0.93020  0.79520 -0.12929 'C2'

-0.15547  1.60399 -0.02329 'N3'

-1.37969  1.08626  0.13371 'C4'

-1.59254 -0.32937  0.19471 'C5'

-0.49500 -1.12092  0.08671 'C6'

The first line gives the one-letter code for the base, R/Y specifying purine or pyrimidine, the number of ring atoms (plus the sugar C1*) and the full base name  (≤ 8 charas.). The following lines give the x,y,z coordinates of each atom and the atom name. The first three atoms must be C1*, the base atom bound to C1* and the atom used to define the base normal using the vector product (1-2)x(3-2). This data is used for least squares fitting of standard base geometries. The base atoms need not be in the standard order in the structural input.
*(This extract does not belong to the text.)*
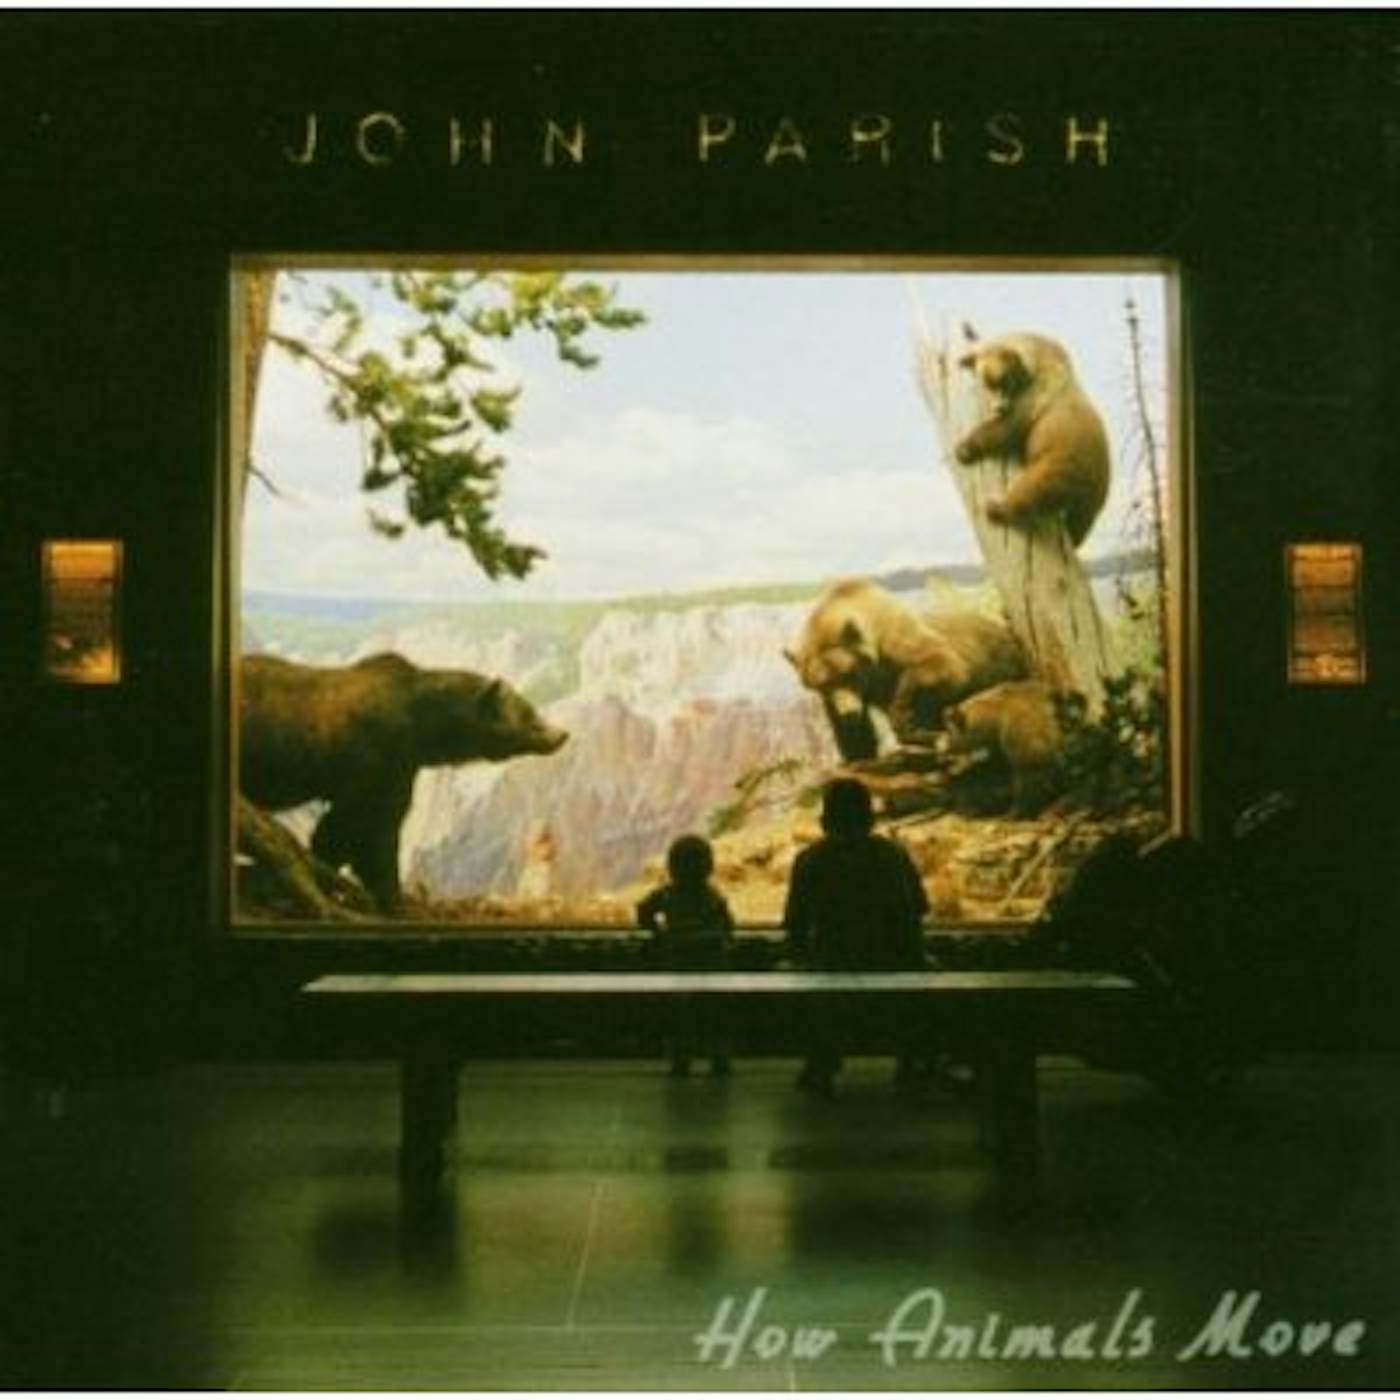 John Parish HOW ANIMALS MOVE CD

standard_s.lib contains the description of the backbone geometry to be analyzed. Standard lines start with a blank and define a single torsion by giving 4 atom names (≤ 4 chars) followed by the name of the torsion name (≤ 6 chars). Lines starting with 'B' define torsions which depend on the type of base: atoms 1-4 are used with purines and atoms 5-8 are used with pyrimidines

Lines starting with 'S' define sugar rings and give the names of the 5 ring atoms in the order used for pseudorotation calculations. the data below is for standard  DNA. Non-standard bases or backbones can be analyzed by modifying the .lib files.


'-O3*'  'P'   'O5*' 'C5*'  'Alpha'

  'P'    'O5*' 'C5*' 'C4*'  'Beta'

  'O5*'  'C5*' 'C4*' 'C3*'  'Gamma'

  'C5*'  'C4*' 'C3*' 'O3*'  'Delta'

  'C4*'  'C3*' 'O3*' '+P'   'Epsil'

  'C3*'  'O3*' '+P'  '+O5*' 'Zeta'

B 'O4*'  'C1*' 'N9'  'C4'  'O4*'  'C1*' 

                ...  'N1'  'C2'   'Chi'

S 'C1*' 'C2*' 'C3*'  'C4*' 'O4*'


OUTPUT FILES

The .lis output from Cur+ lists the input parameters, the base sequence of each strand, then: (A) base pair-axis parameters; (B) intra-base pair parameters; (C) inter-base pair parameters: (D) backbone parameters and (E) groove parameters. In section (C), the first six parameters, including rise and twist correspond to the transformation between successive base pairs. H-Ris and H-Twi correspond to the translation and rotation of successive base pairs along and around the helical axis. With the base pair-axis parameters,  H-Ris and H-Twi are useful for understanding the overall helical structure of the fragment analyzed. Graphic output is a _X.pdb file containing the helical axis and a _B.pdb file showing the backbone splines and the vectors defining groove widths. Analyzing snapshots from an MD trajectory (which requires both trajectory and topology I/P files) suppresses the parameters in the .lis output. Both single structures and trajectories generate an unformatted data file (.cda) which can be analyzed with the program Canal - see separate documentation.